Нетрудно было понять, о чем думала Ми Ненг. Не надо обладать даром ясновиденья, чтобы узнать причину ее печали: ей суждено пережить нас всех. Разумы живут не одно столетие.

– Не нужно… – начала я, но она не дала закончить.

– Не беспокойся обо мне. Все хорошо. Столько всяких обязанностей, что некогда думать о собственных тревогах.

Я знала, что Ми Ненг пыталась меня приободрить, и не стала возражать.

– Взгляни на него, – продолжала дочь, – совсем еще дитя.

Но сама Ми Ненг не казалась ребенком: Разум взрослеет и стареет совершенно не так, как человек. Было ли дело в ее физиологии или всему виной богатый опыт космических путешествий, речи твоей сестры казались пугающе взрослыми. Порою она виделась мне куда старше, чем я сама.

– Не стоит оценивать его по твоим меркам.

– Я и не собиралась, – беззаботно, по-девичьи засмеялась она в ответ, – он ведь человек.

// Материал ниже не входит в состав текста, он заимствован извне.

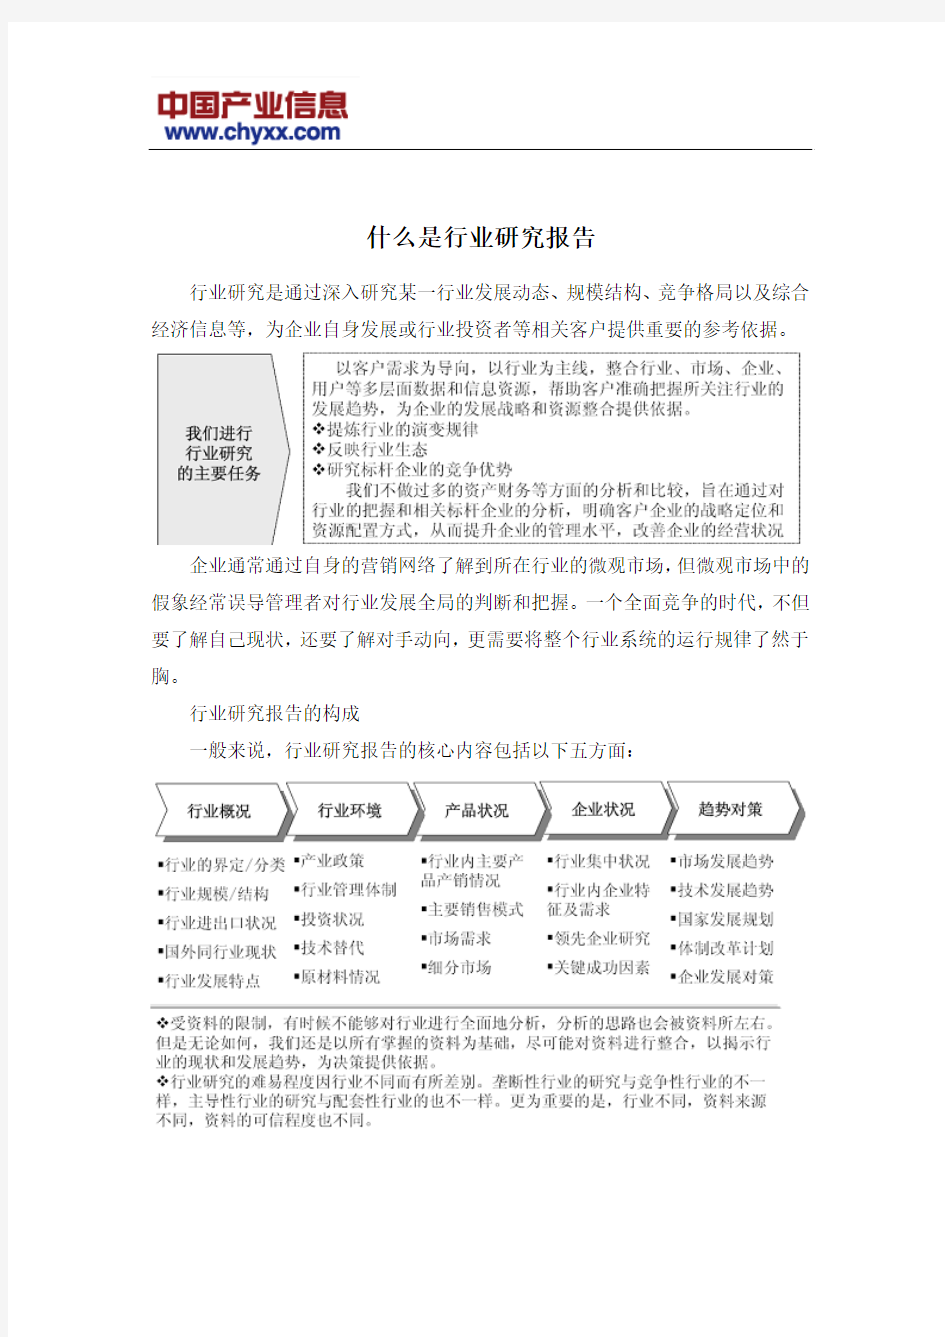 2015-2020年中国铜包钢接地棒市场专项调研报告

– Но все еще твой брат, – сказала я с вопросом в голосе.

– Разумеется, мама, он мой брат. А еще он полный дурак время от времени, но и я не лучше. В этом мы похожи.

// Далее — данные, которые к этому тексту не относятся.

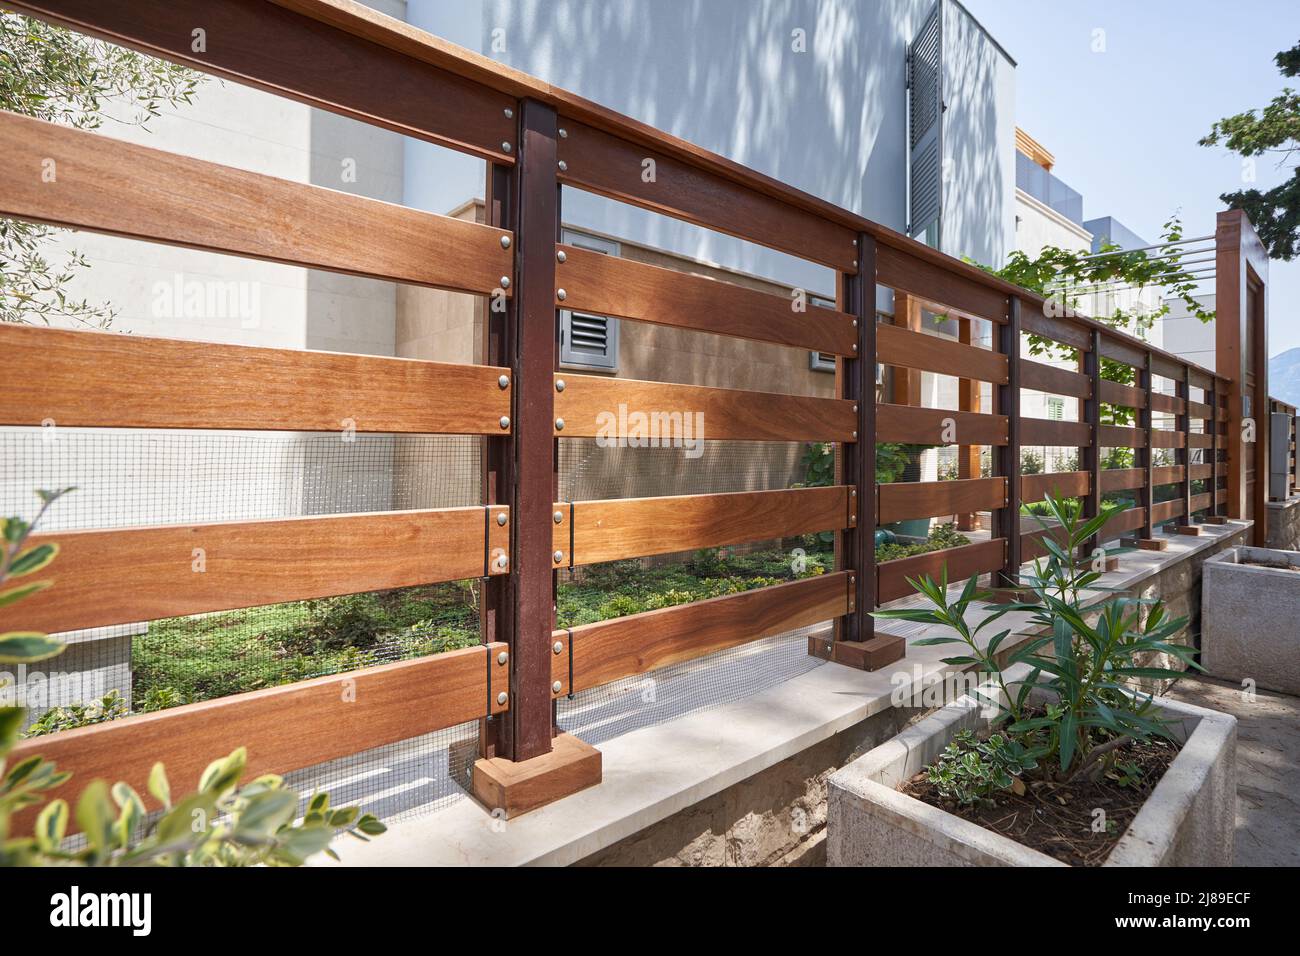 Verja de madera transparente en una casa moderna Foto de stock

Голос Ми Ненг искрился радостью, ее проекция подплыла ко мне чуточку ближе, чтобы четче видеть состязание.

Уже слегка нетрезвый ученый пытался сочинить стих про осень и вино и ужасно коверкал слова, чем здорово веселил прочих гостей.

Только одинокий участник-иноземец не смеялся. Он стоял рядом, положив руку тебе на плечо, взглядом черных глаз выражая крайнюю серьезность, и что-то говорил, словно пытался подбодрить, и я не могла не одобрить его поступок.

– Зря волнуется, – сказала Ми Ненг, – он победит без труда.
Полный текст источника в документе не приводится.